** Record set follows **
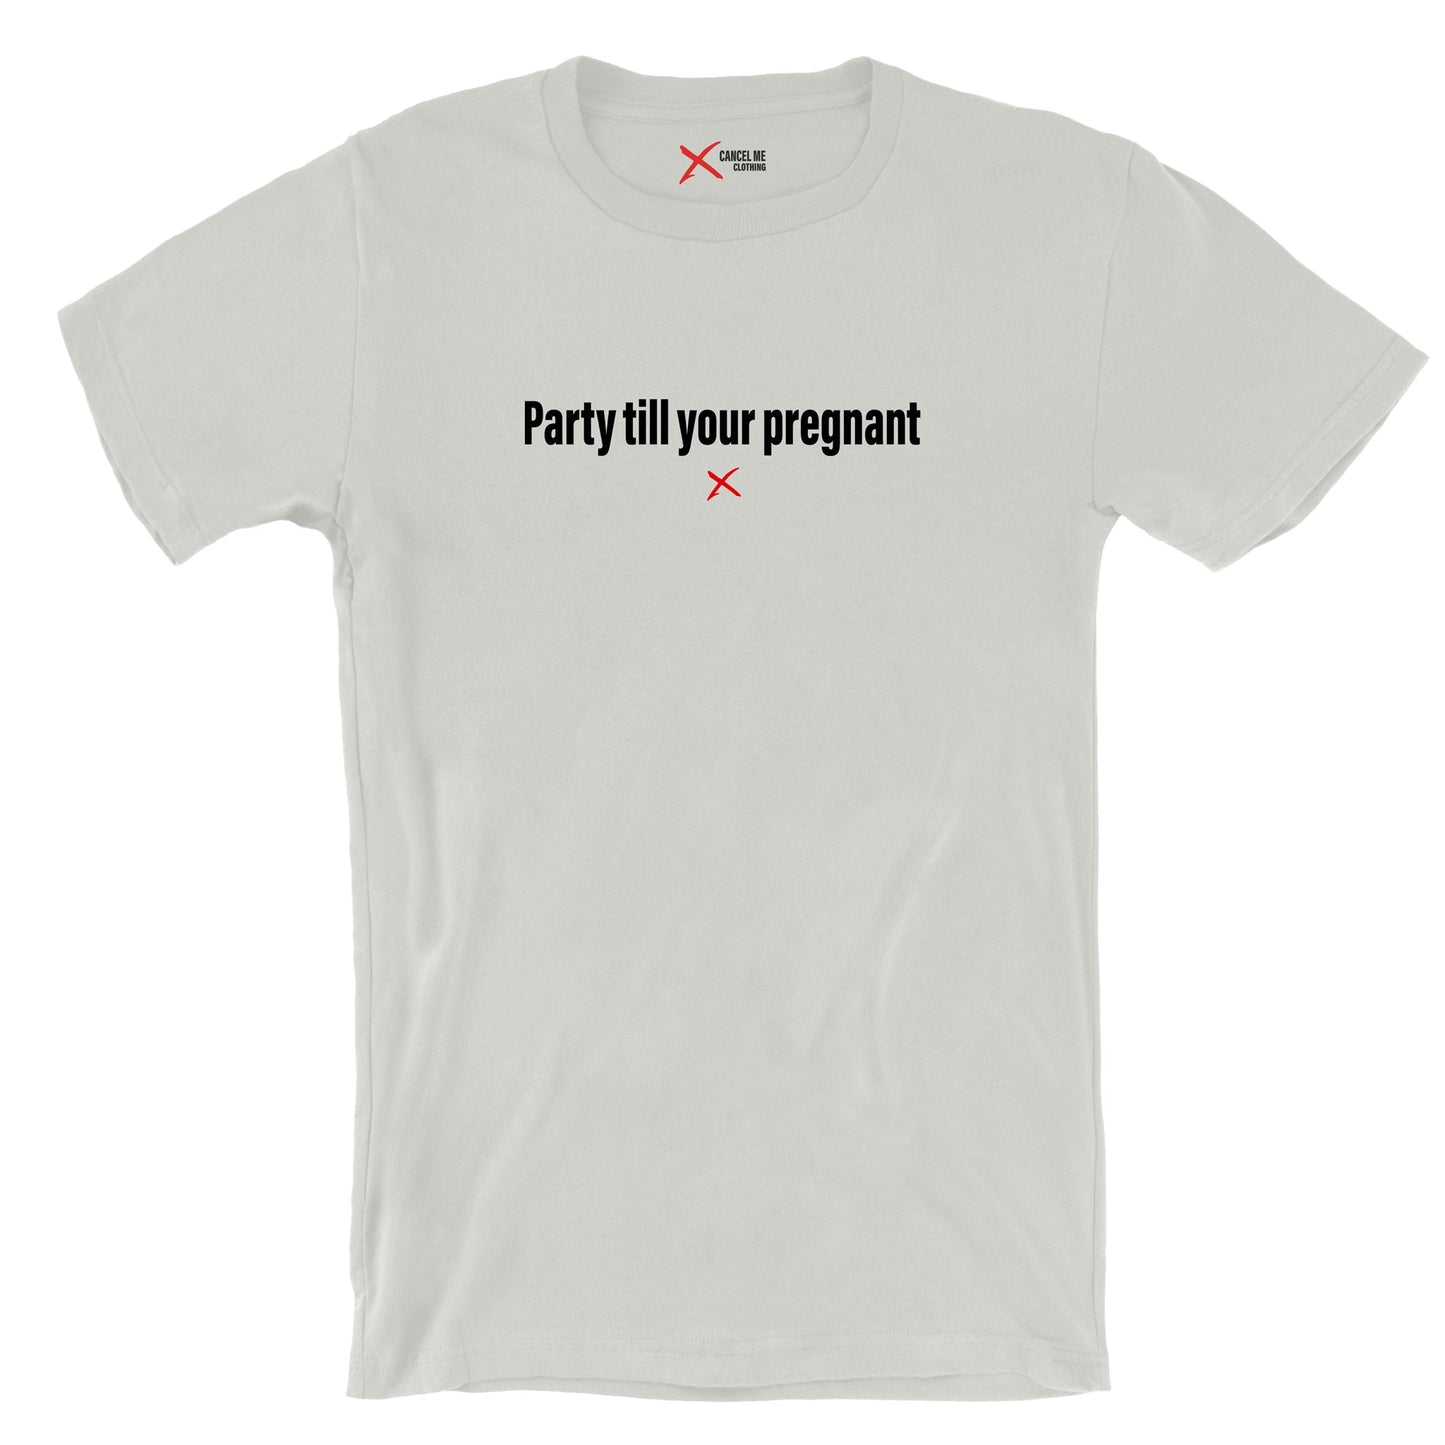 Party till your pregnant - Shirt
** End of Record set **
** Record set follows **
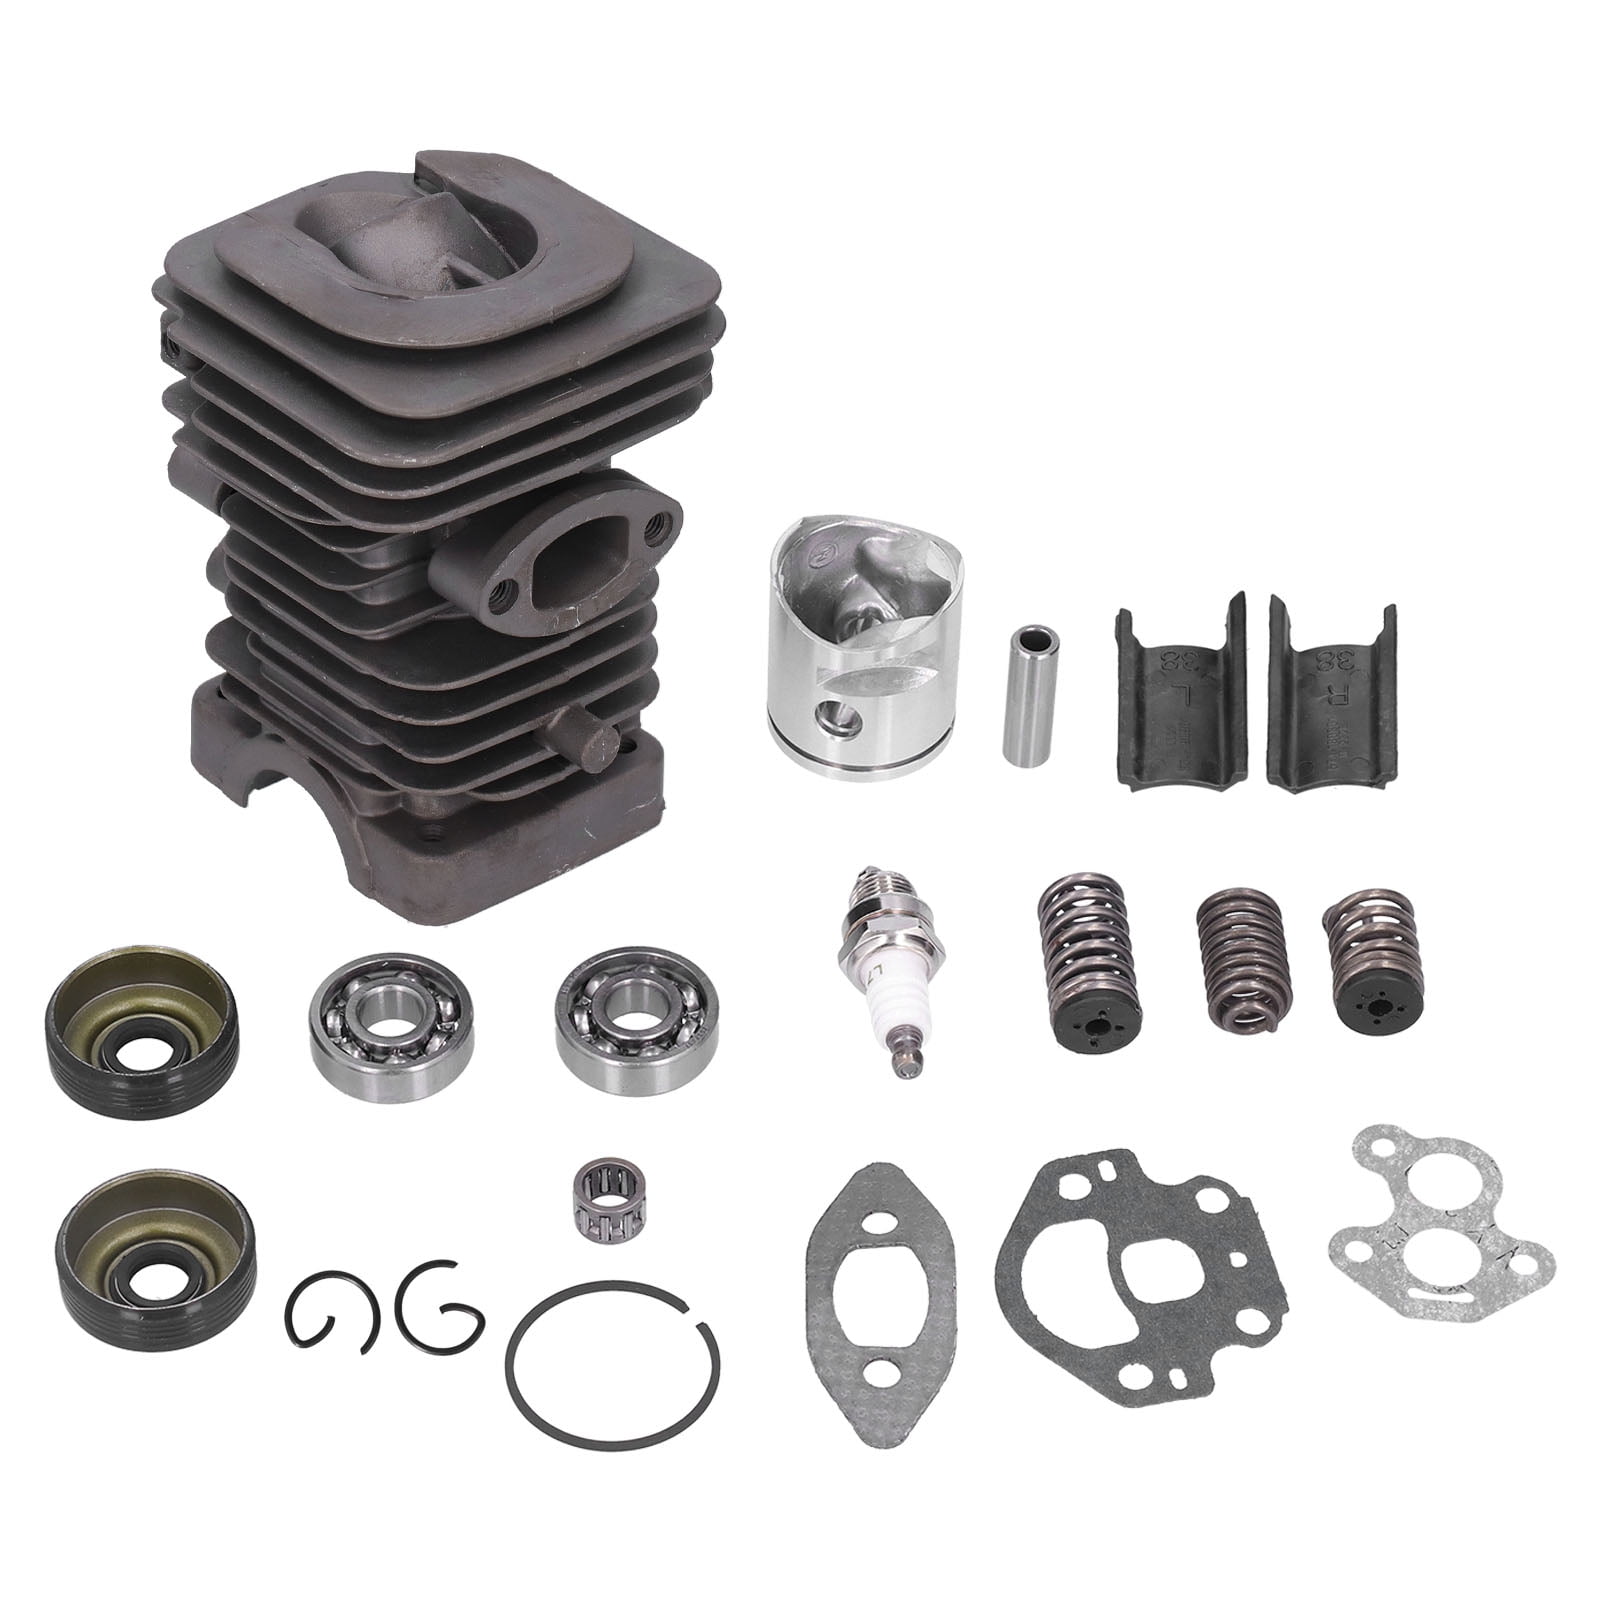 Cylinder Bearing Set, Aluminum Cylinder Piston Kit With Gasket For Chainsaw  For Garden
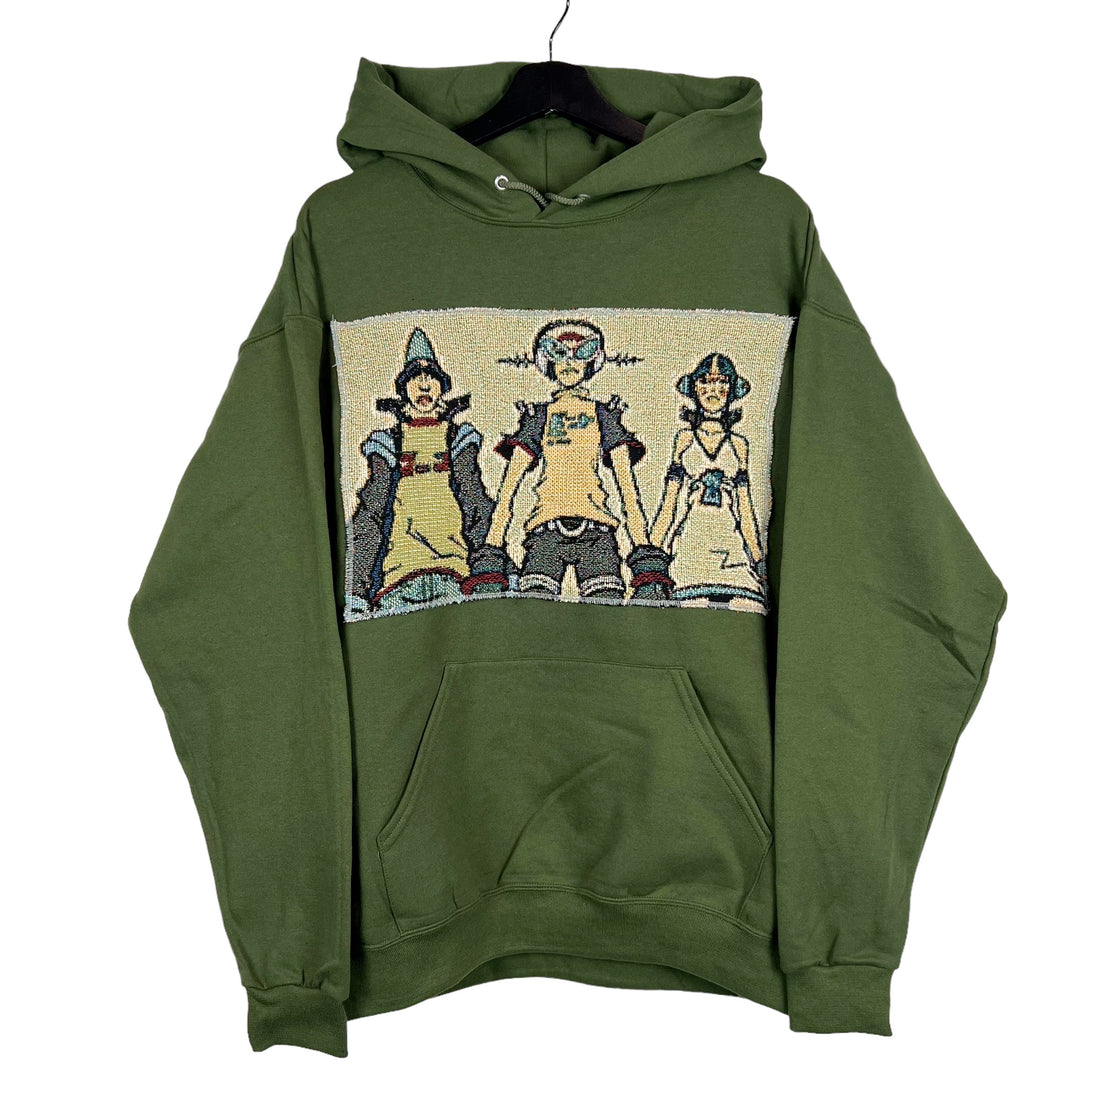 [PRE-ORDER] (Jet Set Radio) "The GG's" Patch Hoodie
** End of Record set **
** Record set follows **
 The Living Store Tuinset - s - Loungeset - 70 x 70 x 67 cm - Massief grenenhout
** End of Record set **
- [Work instructions]: Copy out the lines above from the line containing "Cylinder Bearing Set, Aluminum" through the line containing "[PRE-ORDER] (Jet Set", exactly, and keep the pictures out.

- [Task answer]:
 Cylinder Bearing Set, Aluminum Cylinder Piston Kit With Gasket For Chainsaw  For Garden
 [PRE-ORDER] (Jet Set Radio) "The GG's" Patch Hoodie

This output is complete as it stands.